**Task material**.
######

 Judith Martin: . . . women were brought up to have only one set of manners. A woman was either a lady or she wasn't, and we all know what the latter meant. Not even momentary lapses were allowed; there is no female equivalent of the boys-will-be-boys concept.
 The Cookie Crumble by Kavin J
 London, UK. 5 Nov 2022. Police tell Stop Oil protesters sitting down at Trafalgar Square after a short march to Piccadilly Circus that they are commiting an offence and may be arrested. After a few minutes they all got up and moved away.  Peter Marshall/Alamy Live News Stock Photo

######

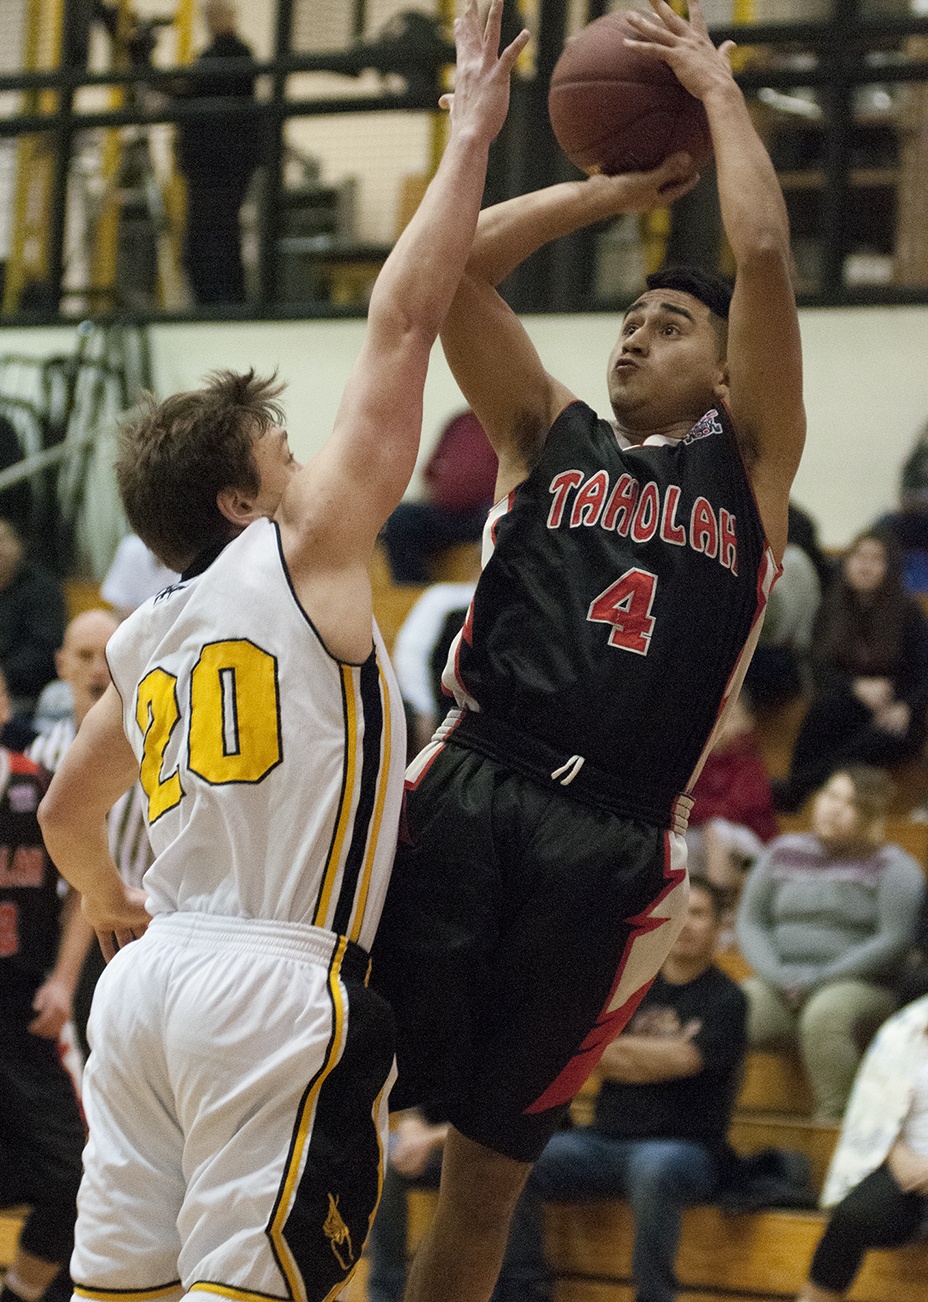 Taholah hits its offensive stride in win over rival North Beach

######

From the records above, quote only the lines running from the line with "Judith Martin: ." to the line with "London, UK. 5", both lines included.

 Judith Martin: . . . women were brought up to have only one set of manners. A woman was either a lady or she wasn't, and we all know what the latter meant. Not even momentary lapses were allowed; there is no female equivalent of the boys-will-be-boys concept.
 The Cookie Crumble by Kavin J
 London, UK. 5 Nov 2022. Police tell Stop Oil protesters sitting down at Trafalgar Square after a short march to Piccadilly Circus that they are commiting an offence and may be arrested. After a few minutes they all got up and moved away.  Peter Marshall/Alamy Live News Stock Photo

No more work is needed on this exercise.